Hybrid AI Model for Proportionality Assessment in Military Operations

Authors

  • Clara Maathuis Open University
  • Eric Scharringa Open University of the Netherlands

DOI:

https://doi.org/10.34190/iccws.20.1.3251

Keywords:

targeting, proportionality, military operations, neuro-fuzzy, hybrid AI, Artificial Intelligence

Abstract

In recent years, Artificial Intelligence (AI) has revolutionized the military domain and in particular the planning, execution, and assessment of military operations, leading to the development of advanced decision support systems. In this context, this research introduces a novel hybrid AI model for proportionality assessment in military operations, merging the advantages of artificial neural networks with fuzzy logic to create a robust and adaptable system. This approach combines the learning capabilities and pattern recognition strengths of neural networks with the ability of fuzzy logic to handle uncertainty and linguistic variables.

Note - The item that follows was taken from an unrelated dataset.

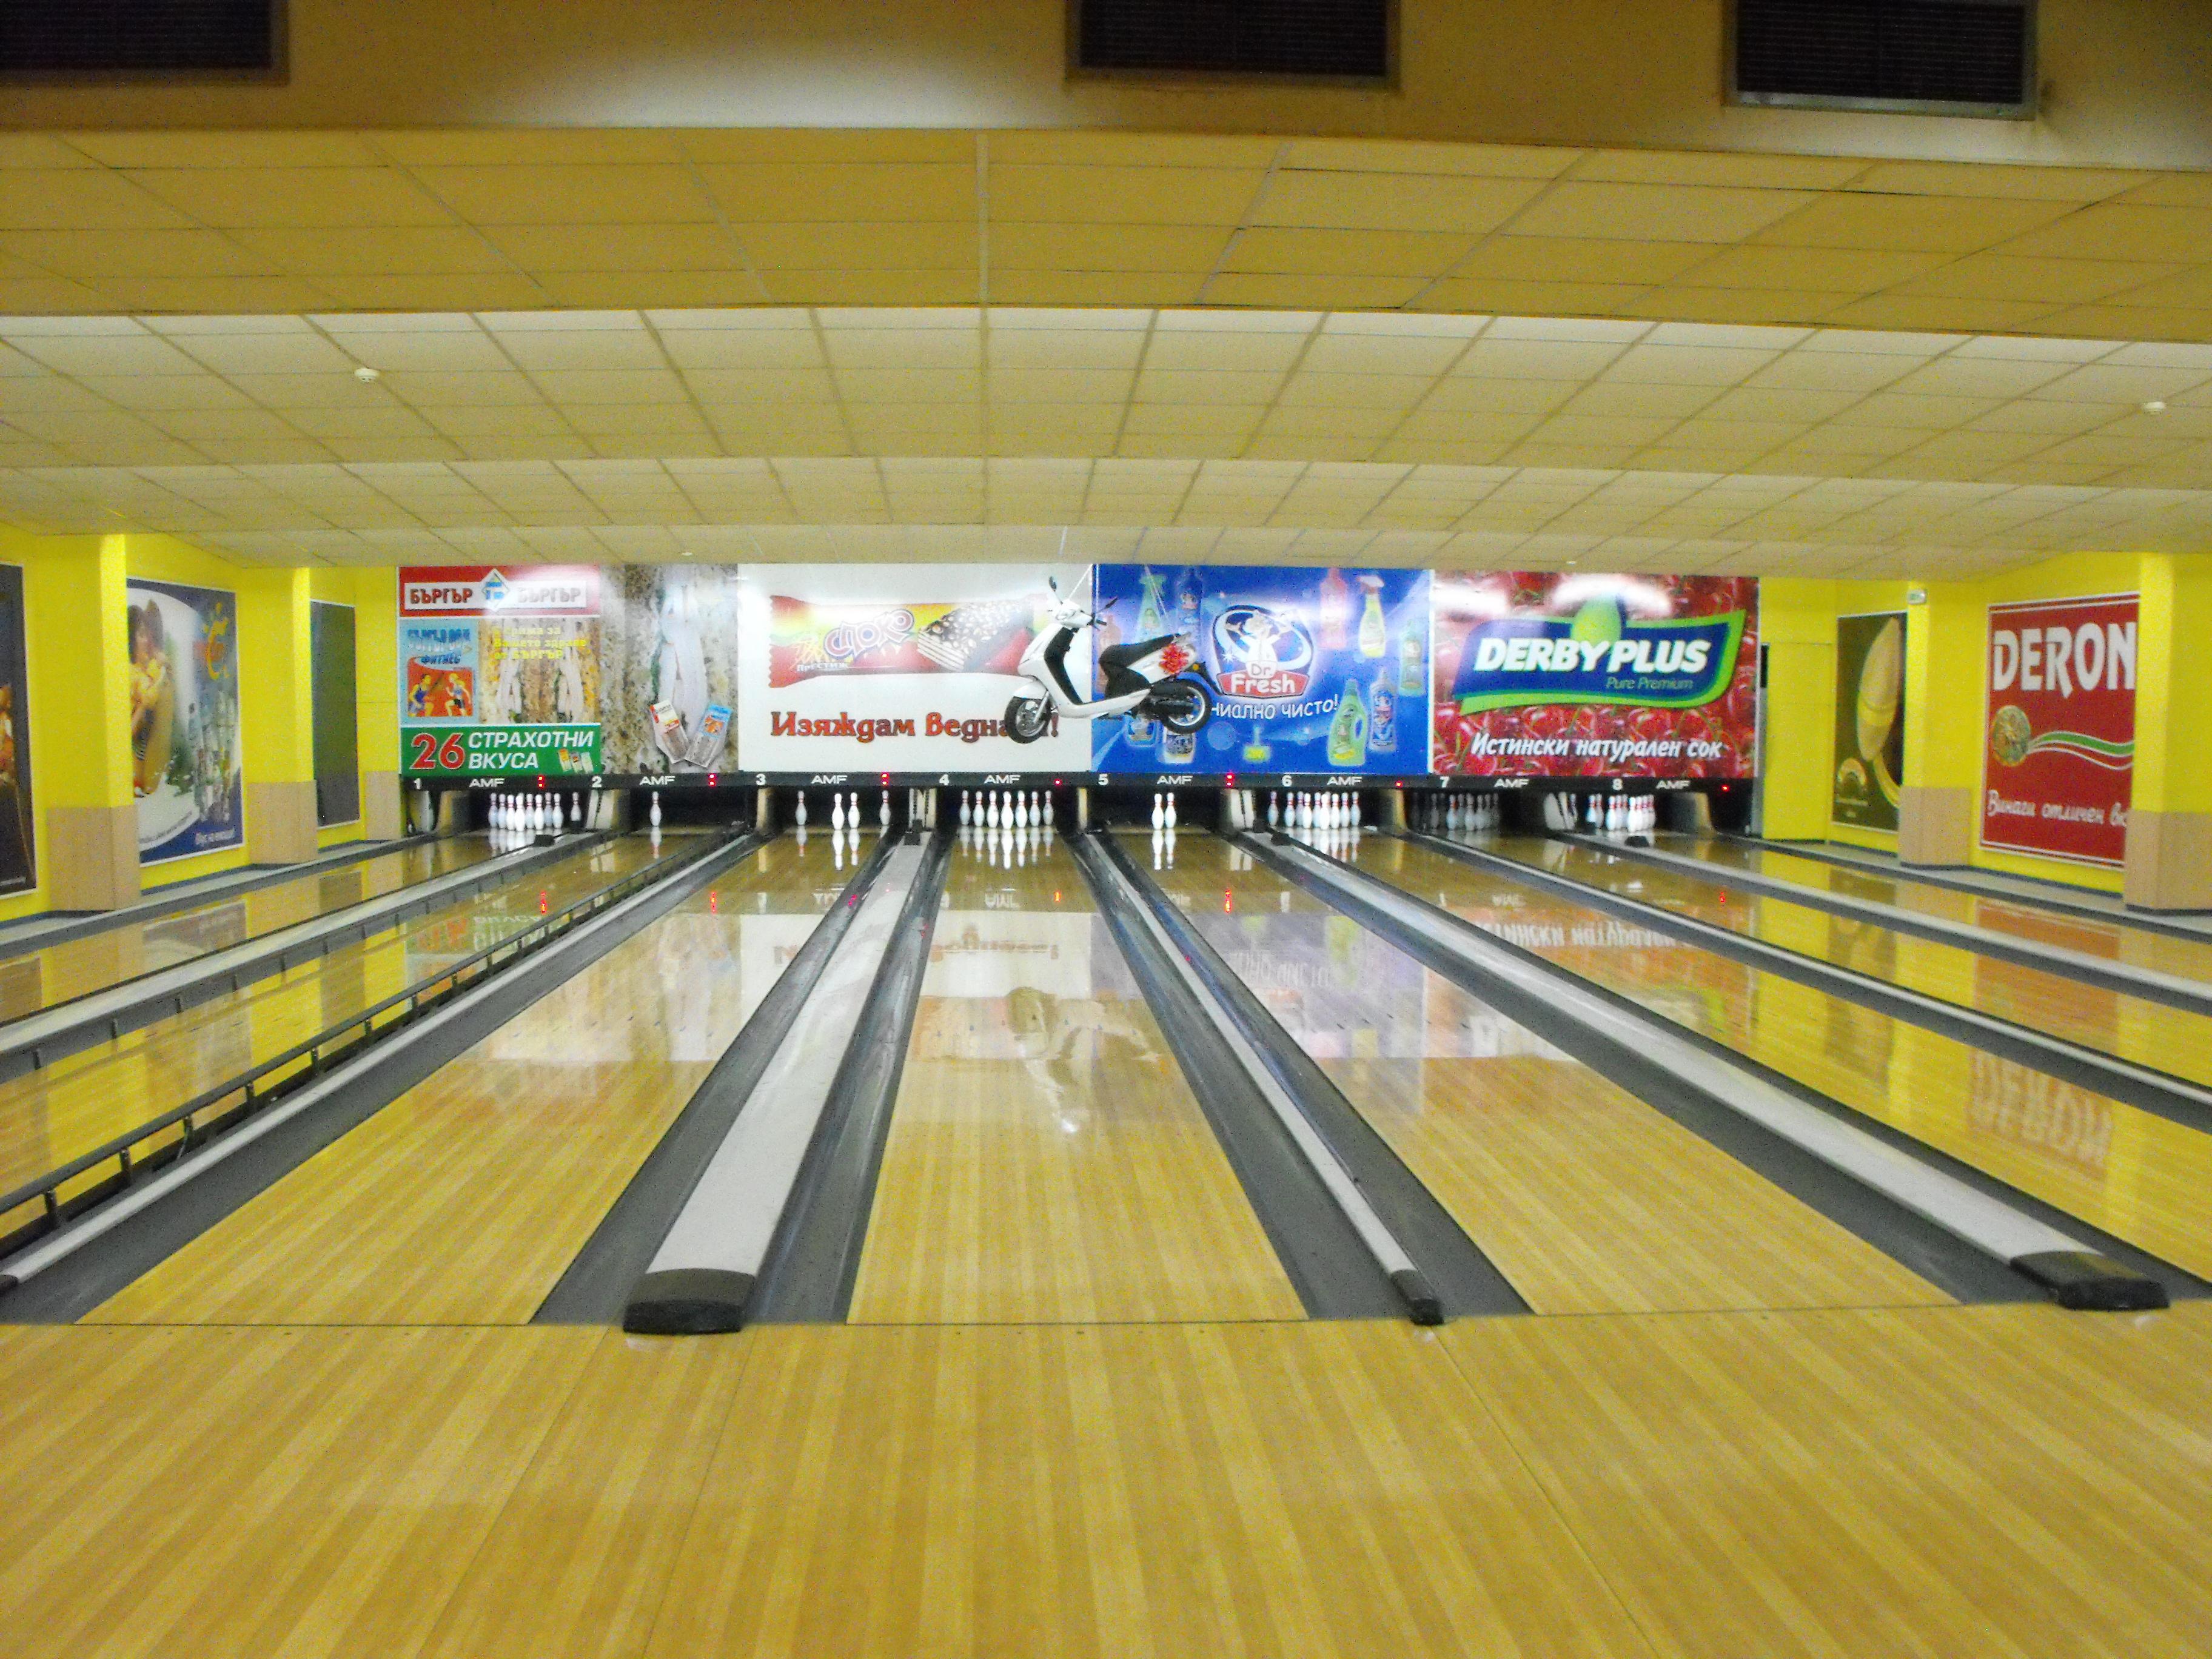 Bowling alley - Wikipedia

In this way, the model addresses the complex challenge of estimating collateral damage and military advantage in dynamic operational environments and further proposes proportionality assessment decisions. Experimental results demonstrate that this intelligent approach contributes to existing models in both accuracy and explainability terms. Moreover, the model is adaptable to diverse scenarios and provides clear, interpretable results, aspects that are crucial for military decision-makers. By bridging the gap between data-driven learning and expert knowledge representation, this research contributes to the development of more ethical and legally compliant AI solutions for military operations, particularly in the critical domain of proportionality assessment in targeting decisions.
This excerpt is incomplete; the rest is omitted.